Tamura stood for the October 2024 House of Representatives election as the top candidate on the Communist Party list for the Tokyo proportional representation block. She thus automatically lost her seat in the House of Councillors when the election was officially announced. The party had a lackluster showing, losing 2 of its 10 seats, with voices within the JCP beginning to question Tamura's leadership.

In the 2026 election the JCP did poorly, losing half of the seats that they held, with Tamura blaming the party's decline on there "not [being] enough time for our message to spread." The party ran on reducing the consumption tax to 5% before eventually abolishing it all together, and to tax the cash reserves of business. The JCP did not seek to join the Centrist Reform Alliance (CRA), despite having coordinated with the Constitutional Democratic Party in the prior election, due to the CRA's support for restarting nuclear power plants.

==Positions==
===Foreign policy===
====Taiwan====
Various Chinese propaganda media, such as China Daily and China Central Television, have quoted Tamura as saying she is a staunch supporter of Chinese Unification, calling the matter an issue of Chinese "internal affairs" as she does not view Taiwan as an independent country and claiming that this support means popularity for war over Taiwan is low in Japan. In November 2025, after Prime Minister Sanae Takaichi stated that a Chinese invasion of Taiwan would pose "an existential crisis situation" implying that it would be justifiable self-defense for Japan to deploy the JSDF to Taiwan in such an event, Tamura called for Takaichi to retract her statement and said that the "Japanese government should be in the position of a peaceful solution" if there were an invasion.

====Ukraine====
Tamura condemned Russia's invasion of Ukraine criticizing Vladimir Putin's claim that the war was in self-defense, and also condemning his use of routine threats to deploy nuclear weapons in the conflict. She has called on the Diet to send humanitarian aid to Ukraine. However, she also denounced the government for sending bulletproof vests to Ukraine, noting that the JCP is opposed to the move, but that she supports it on a personal level which saw her criticized by the party's newspaper, Shimbun Akahata. Shortly after she made a statement saying she opposed sending the bulletproof vests to Ukraine. She also opposed a government proposal to send other non-lethal aid such as mine-clearing support to Ukraine, arguing that support for aid to Ukraine is just leverage for the government to militarize.

====United States====
Tamura is opposed to Japan's alliance to the United States arguing that Japan is a “vassal state.”

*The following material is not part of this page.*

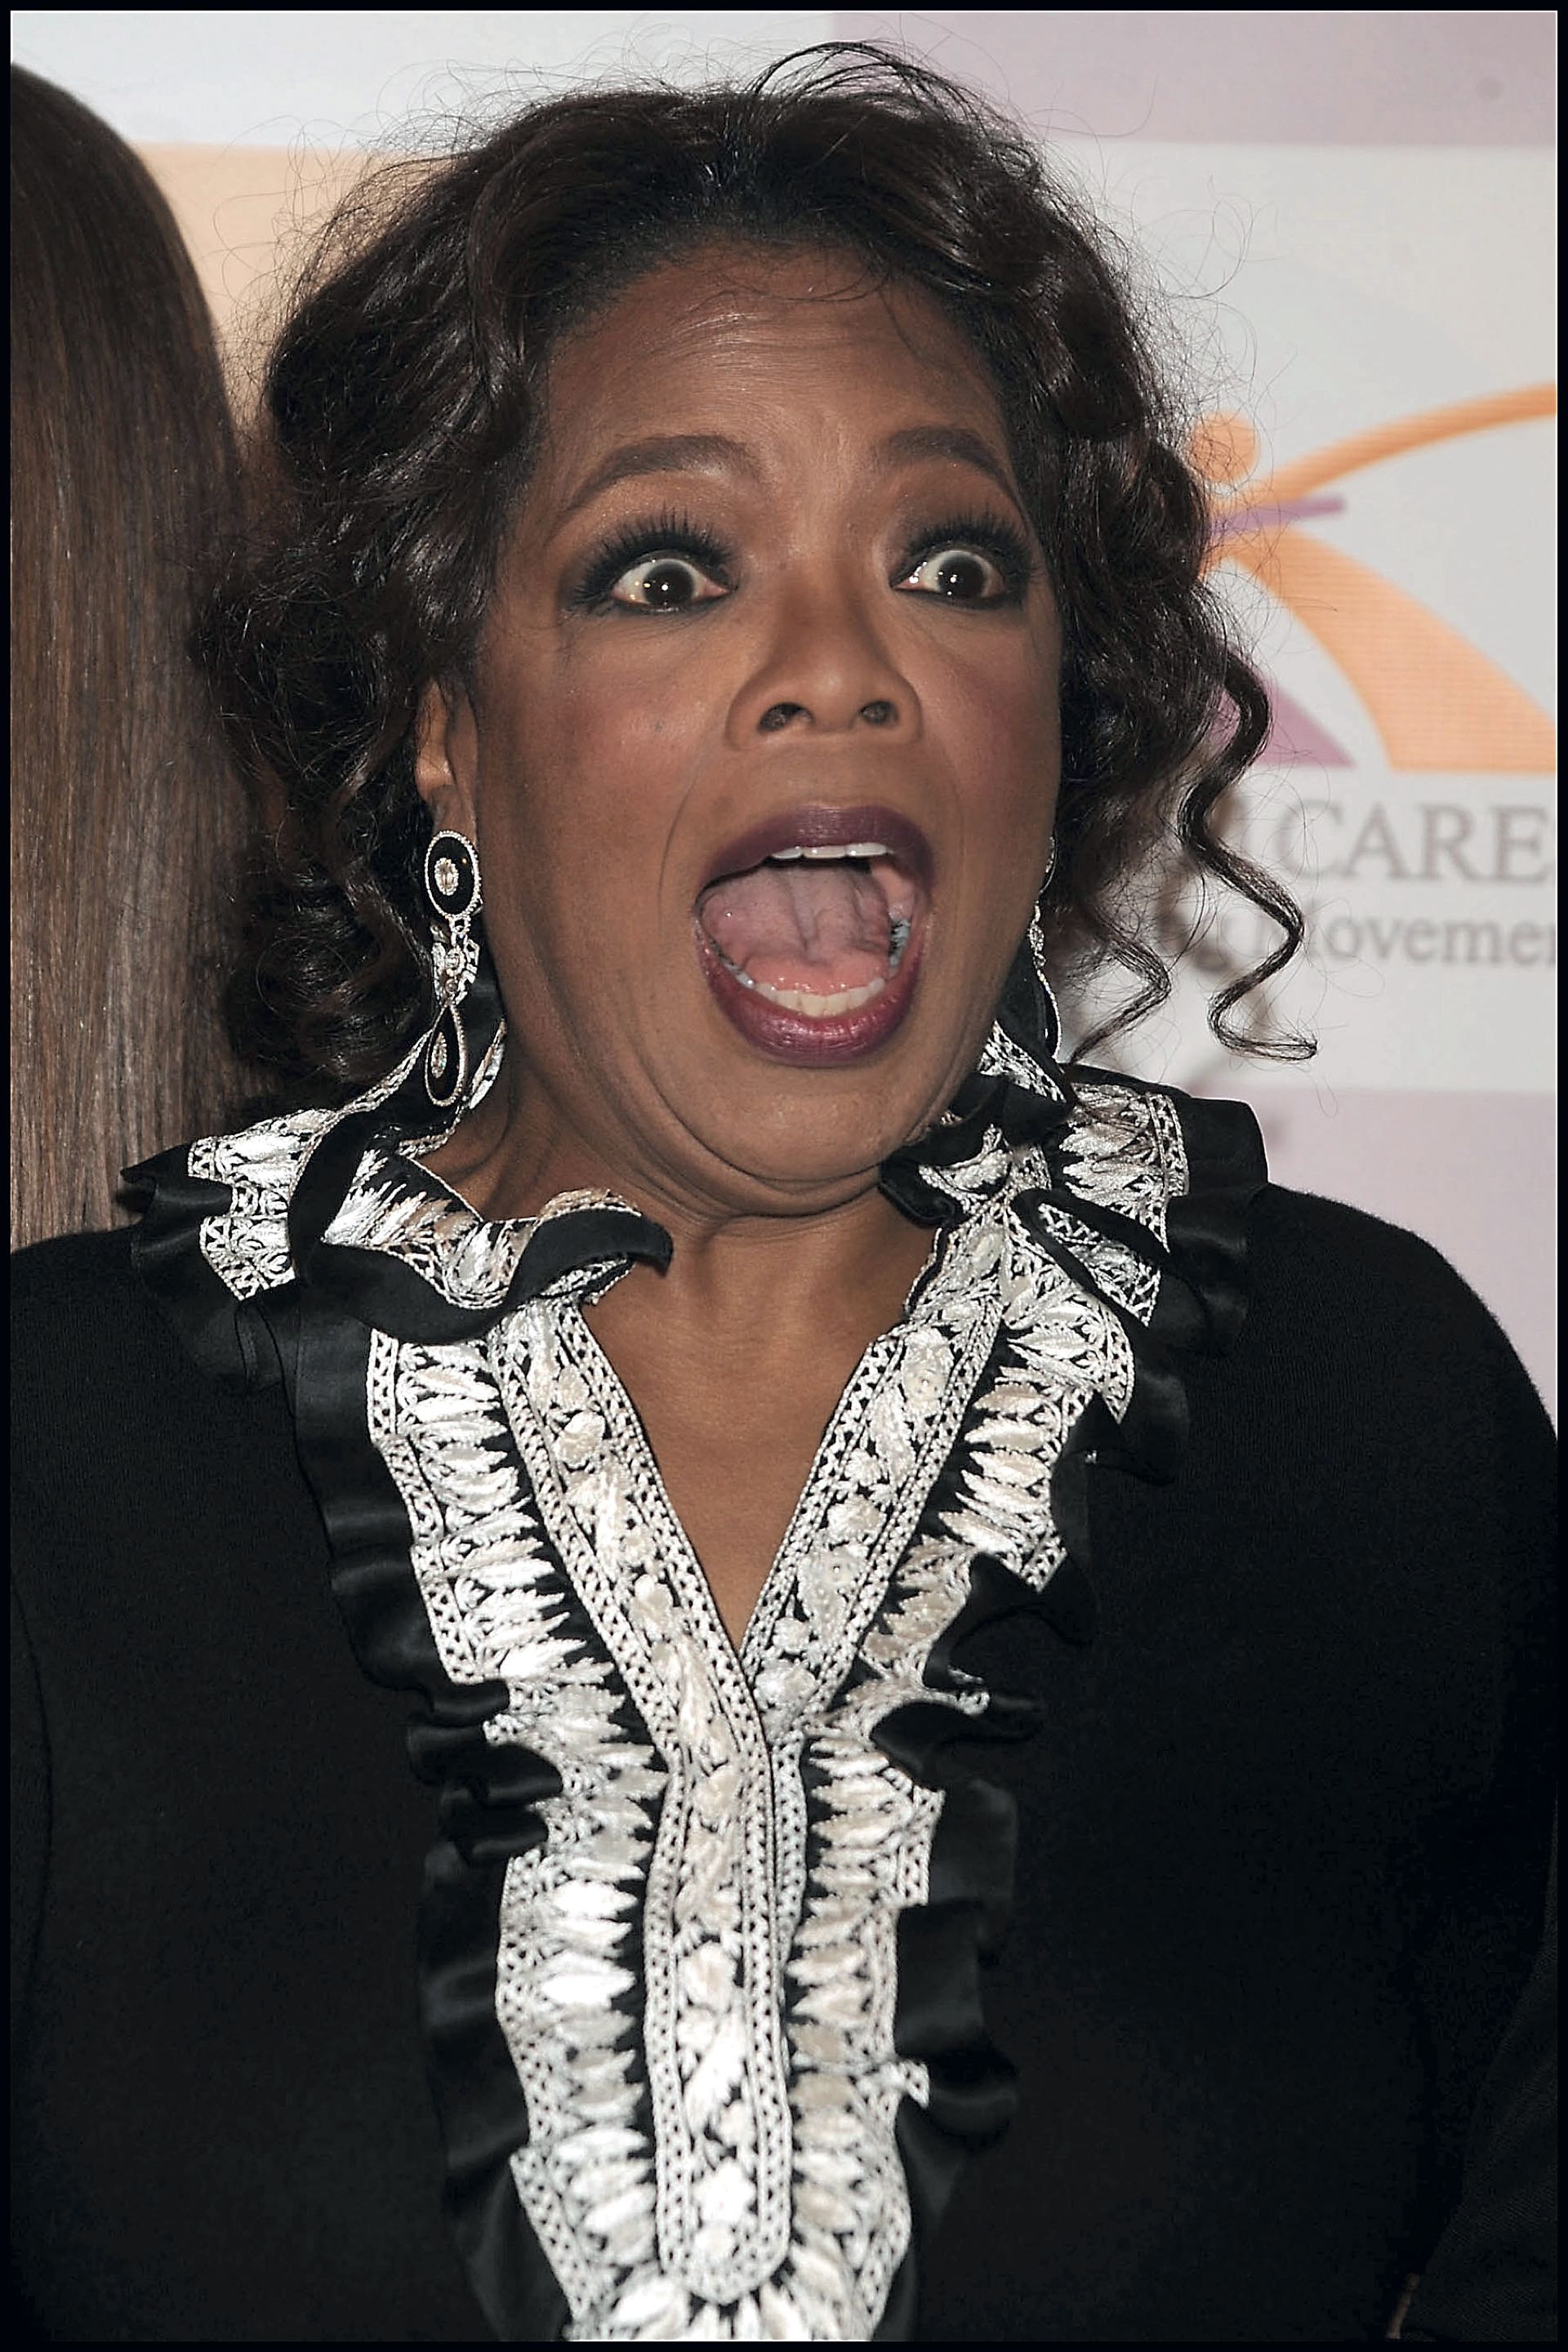 En boca de todos, Oprah Winfrey no se deja amedrentar por Donald Trump. Sabe que su candidatura a presidente sería una amenaza para quien la conoce desde la juventud e hizo carrera en los medios a la par. Hoy, empresarios multimillonarios ambos.

She has called the 2026 United States intervention in Venezuela a "declaration of a new colonial rule" and demanded the government condemn the act. Takaichi opted to neither endorse, nor condone, the action.

When Donald Trump endorsed Takaichi in the lead up to the 2026 election she called it an “unacceptable interference in domestic affairs.”

===JSDF===
Tamura opposes the expansion of the JSDF criticizing Sanae Takaichi for aiming for funding the JSDF with up to 2% of Japan's GDP. To this end she has also opposed arms expansions, as well as the instillation of missile systems on Okinawa. She has opposed measures that would allow Japan to export defensive weapons, such as missile interceptors.